Limitations and perspectives. This observational study has several limitations. First, our study population had a notably high prevalence of males, which curtails the opportunity to discern gender-related differences among patients taking SGLT2i. Second, although we noted a trend toward increasing dosages of other disease-modifying drugs, a direct relationship with SGLT2i therapy cannot be ascertained based on our data alone. Moreover, the maximal dose of disease-modifying drugs achieved in our study was lower than that observed in the high-intensity care group of the recent STRONG-HF trial [12]. Future studies should elucidate these clinical nuances to fully understand how to optimise HFrEF therapy through the introduction and up-titration of the recommended drug classes. Moreover, the adverse events and safety profile should be adequately evaluated. Lastly, our ability to prescribe SGLT2i was limited to a small percentage of patients with HFmrEF, HFpEF, or HFimpEF. Real-world studies that explore the efficacy and effectiveness of SGLT2i across the LVEF spectrum would be valuable, especially considering the distinct pathophysiological bases and clinical determinants of HFmrEF and HFpEF [29].
5. Conclusions
In conclusion, our findings offer real-world evidence suggesting that SGLT2i therapy can be introduced to a significant proportion of patients with HFrEF. The introduction of this treatment does not hinder the optimisation of therapy with ARNi, beta-blockers, and MRAs.

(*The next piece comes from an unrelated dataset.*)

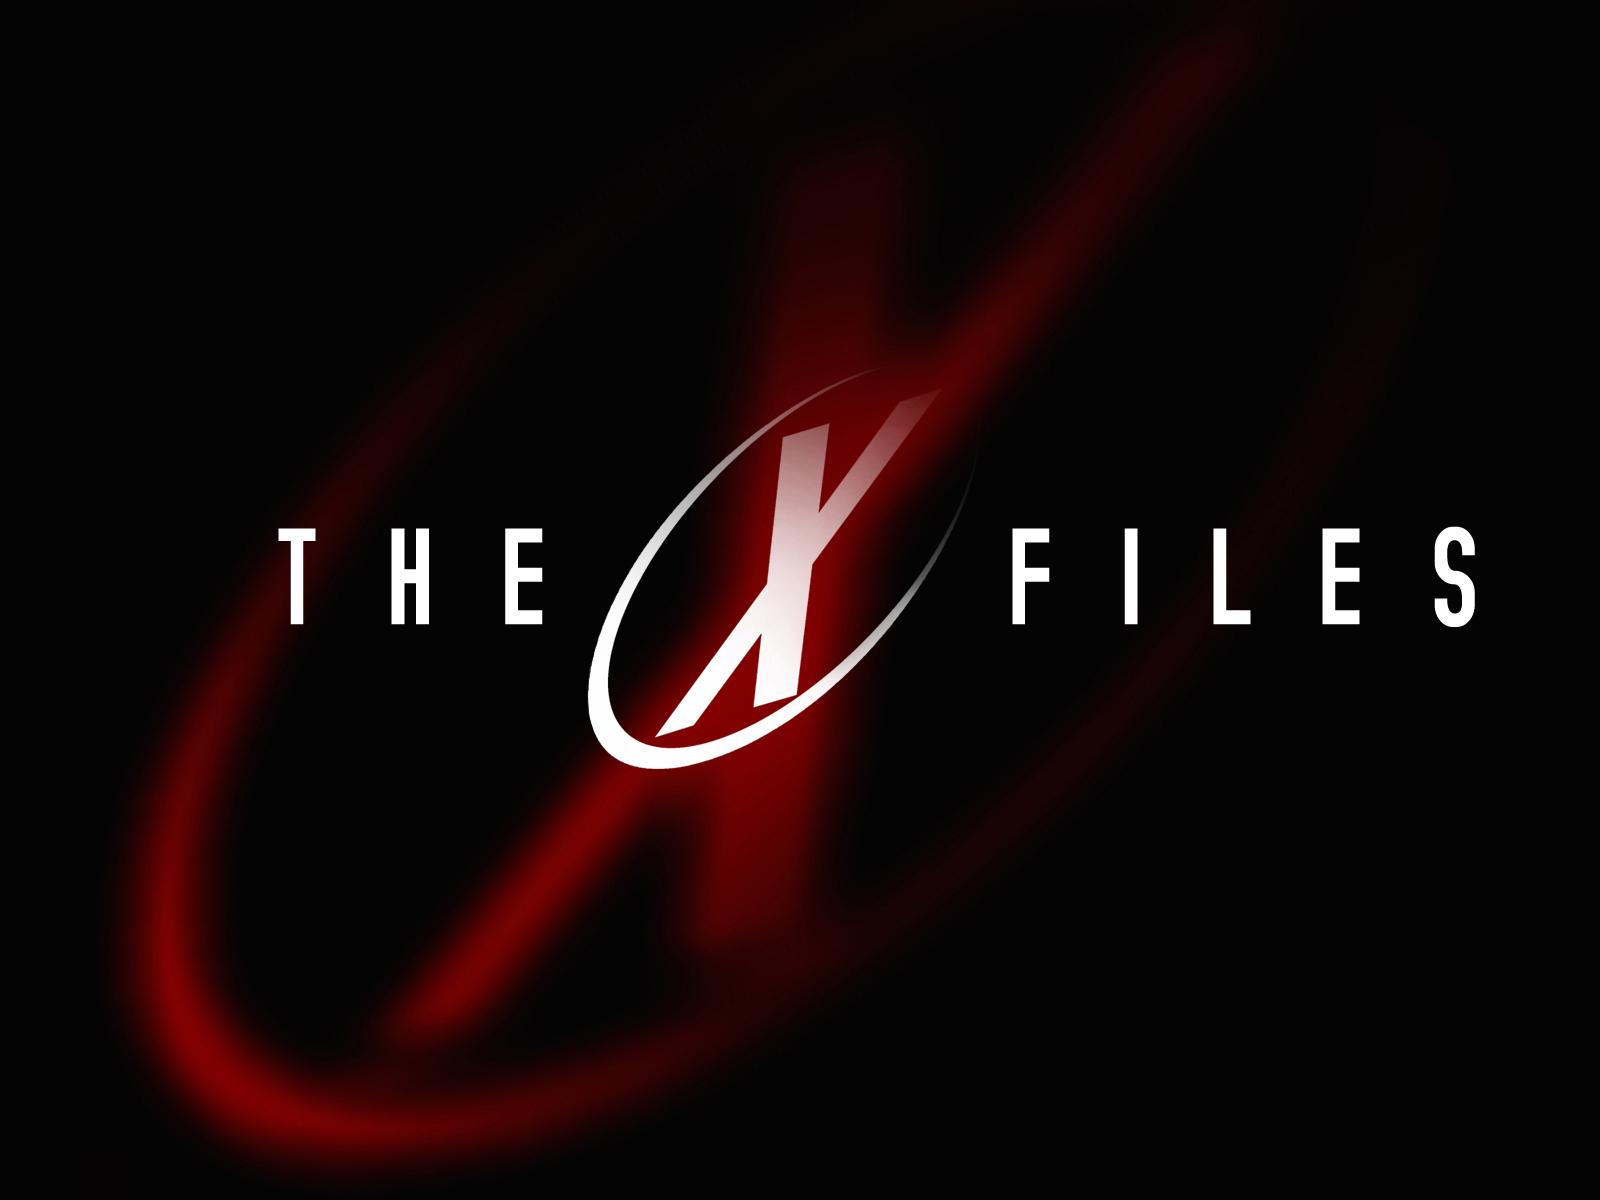 X Files wallpaper 218784 1600x1200

Moreover, it correlates with a decreased use of diuretics. Future research should validate these findings in a more extensive, multicentric real-world setting. Additionally, such studies should shed light on the clinical intricacies tied to the application of SGLT2i in patients with HFmrEF, HFpEF, or HFimpEF. It is worth noting that our results were constrained by Italian reimbursement policies.
Author Contributions
Conceptualization, E.T. and M.I.; methodology, M.C. and M.I.; formal analysis, M.I.; investigation, E.T., M.C., G.A., R.P., S.I., M.R., G.P. and M.I.; data curation, E.T., G.A., R.P., S.I., M.R., G.P. and M.I.; writing—original draft preparation, E.T. and M.I.; writing—review and editing, M.C., M.D.B. and N.D.B.; supervision, M.C., M.D.B. and N.D.B. All authors have read and agreed to the published version of the manuscript.
Funding
This research received no external funding.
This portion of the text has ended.